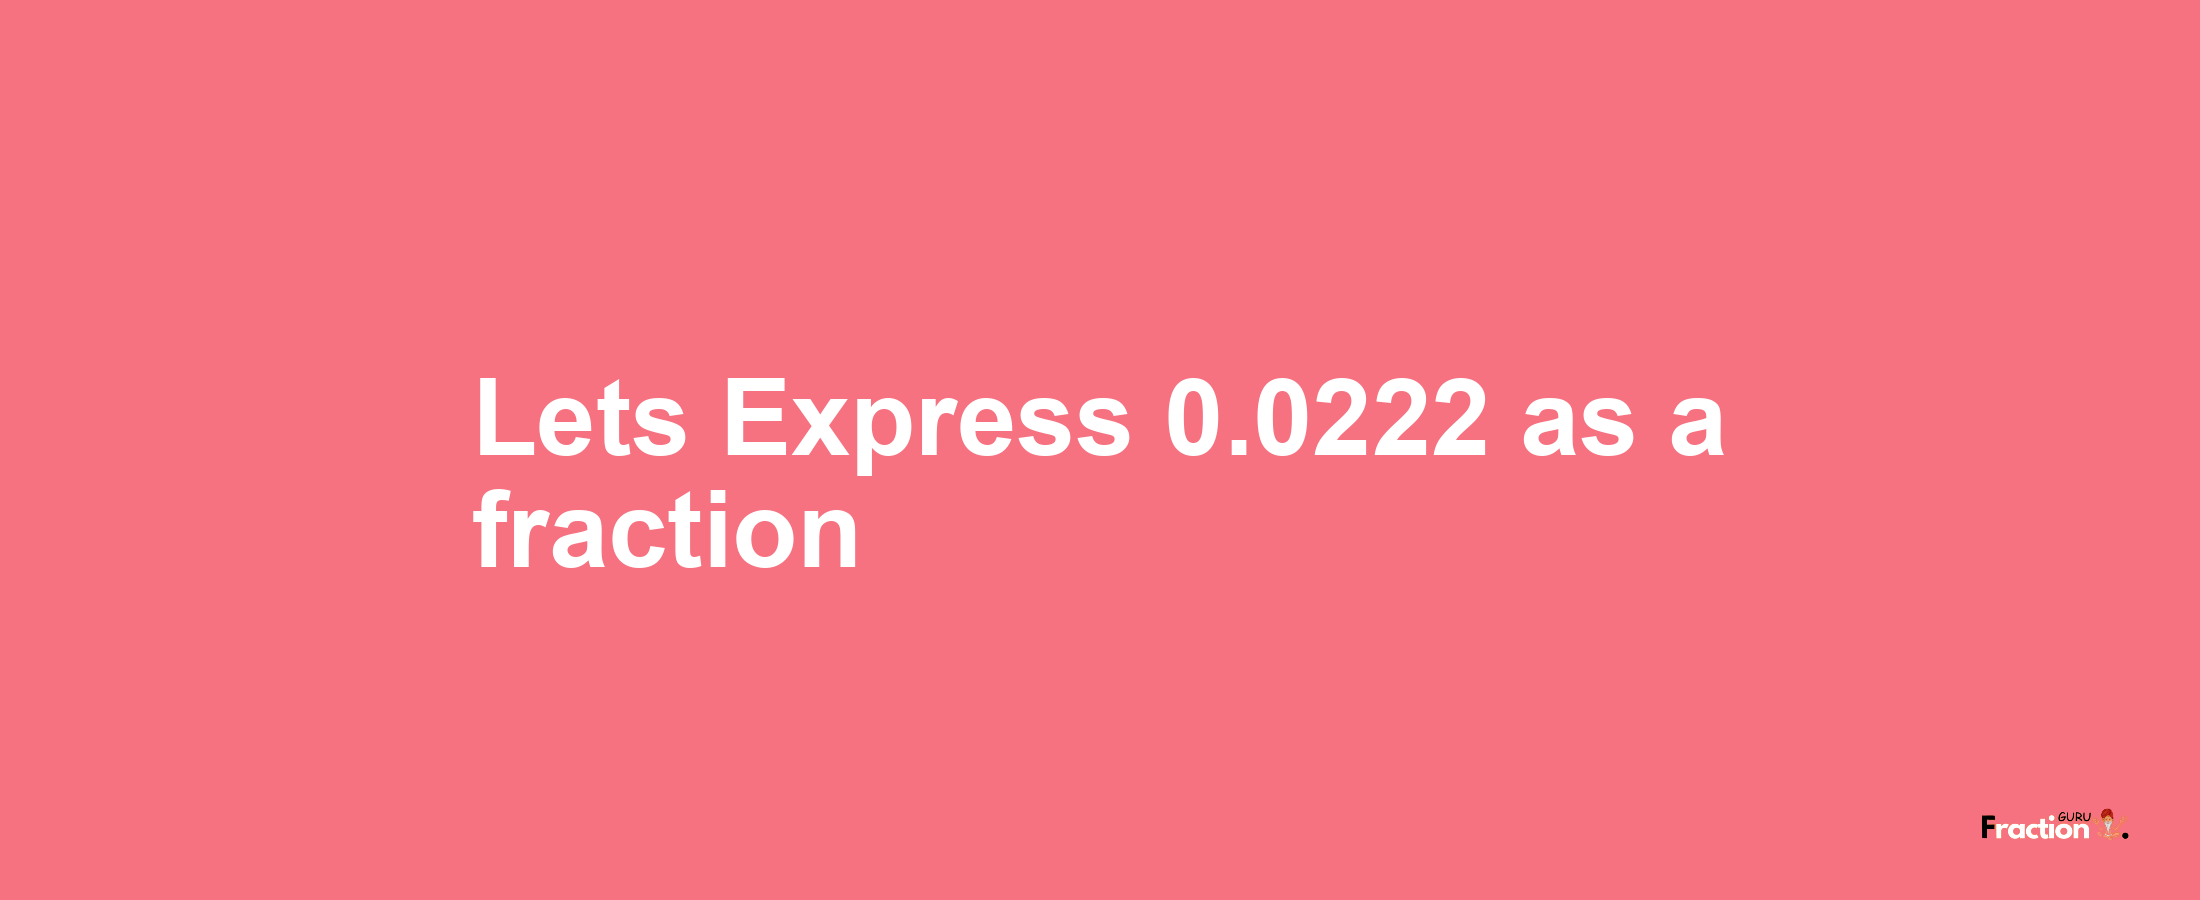 Lets Express 0.0222 as afraction
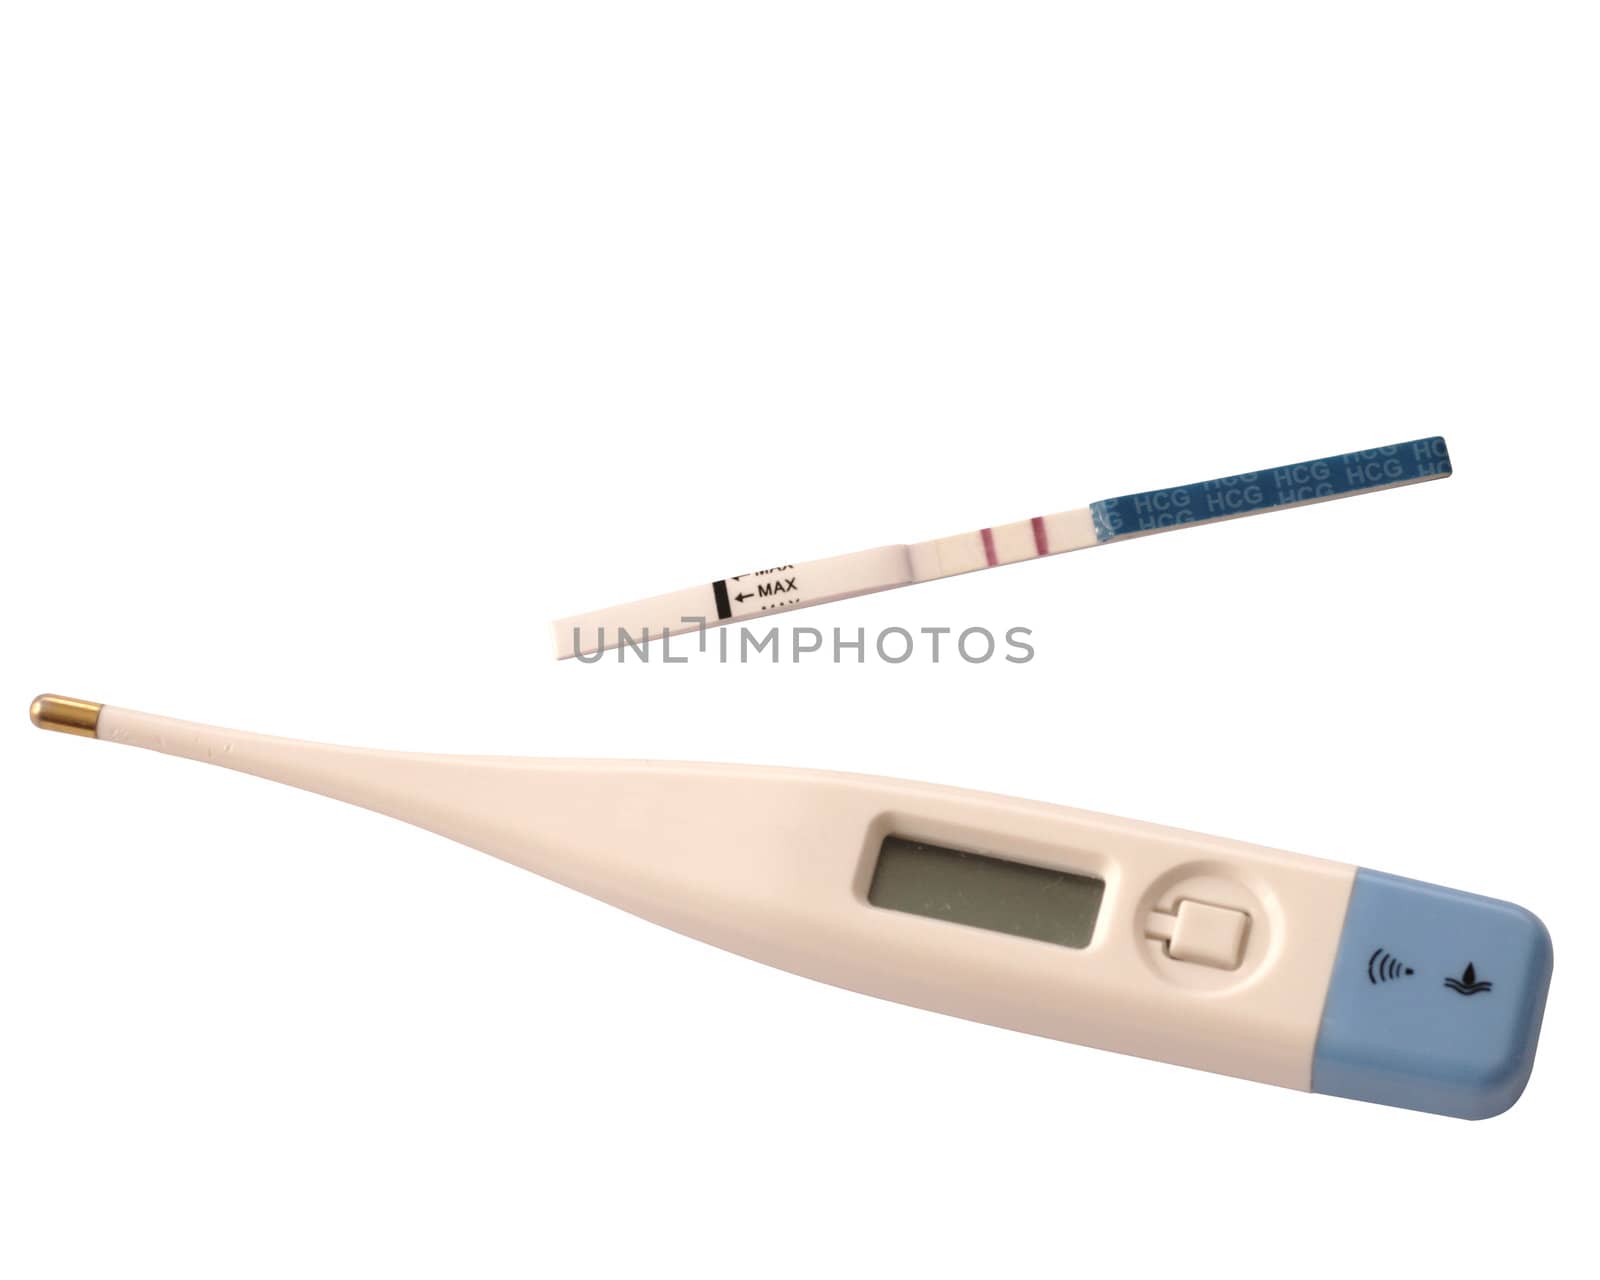 test on pregnancy and thermometer
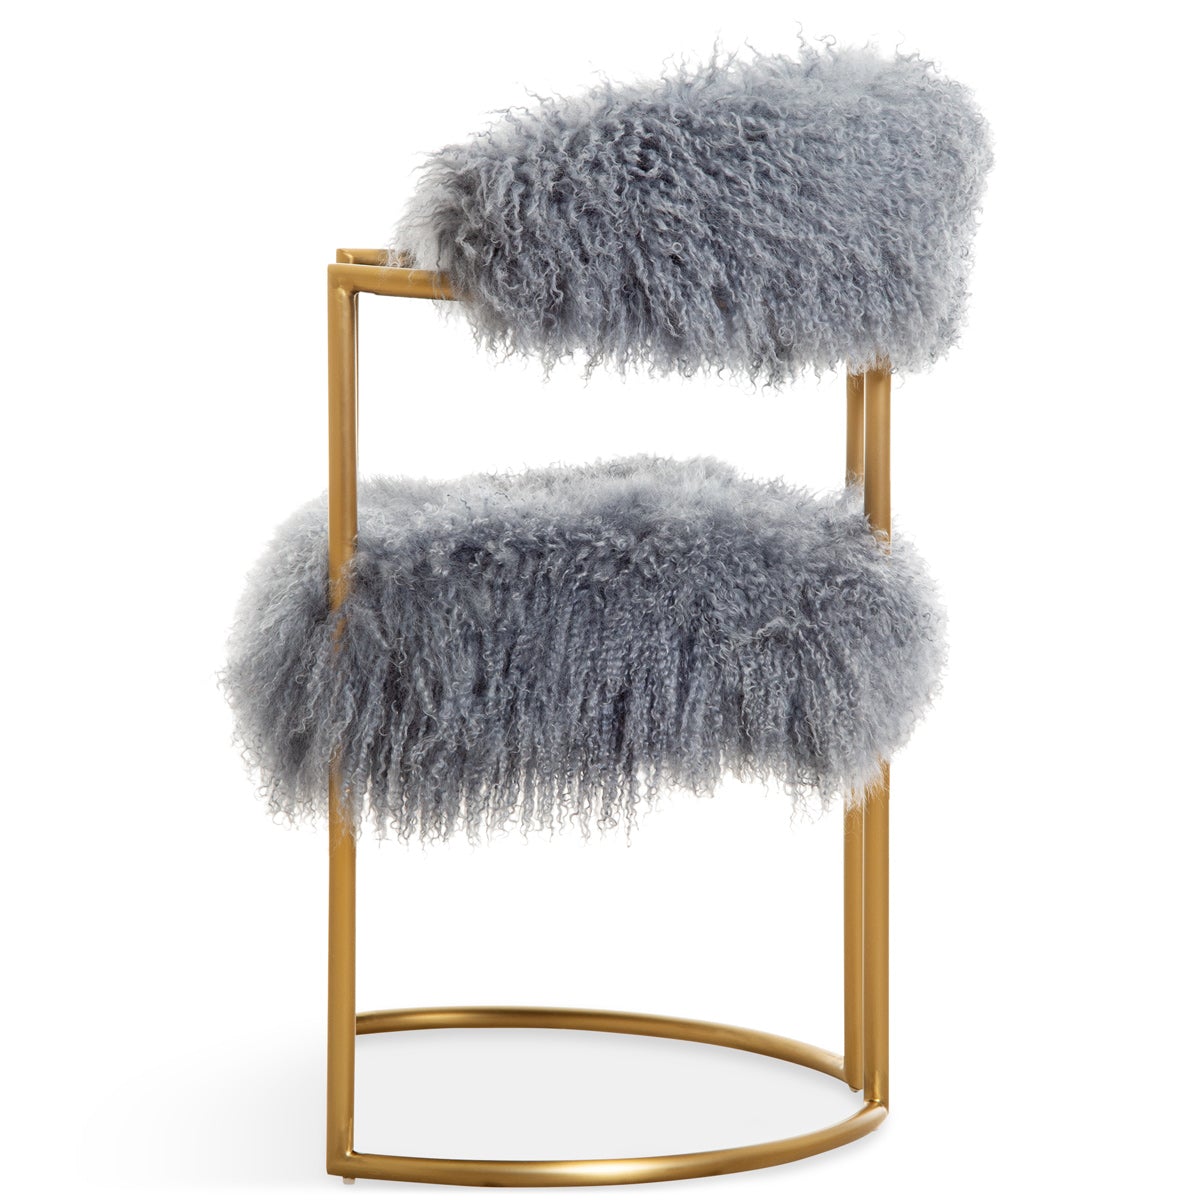 Acapulco 2 Dining Chair in Steel Mongolian Fur - ModShop1.com

=== What to produce ===
Word for word, restate all of the material above except its pictures.

=== Answer space ===
 Lets Express 0.0222 as afraction
 test on pregnancy and thermometer
 Acapulco 2 Dining Chair in Steel Mongolian Fur - ModShop1.com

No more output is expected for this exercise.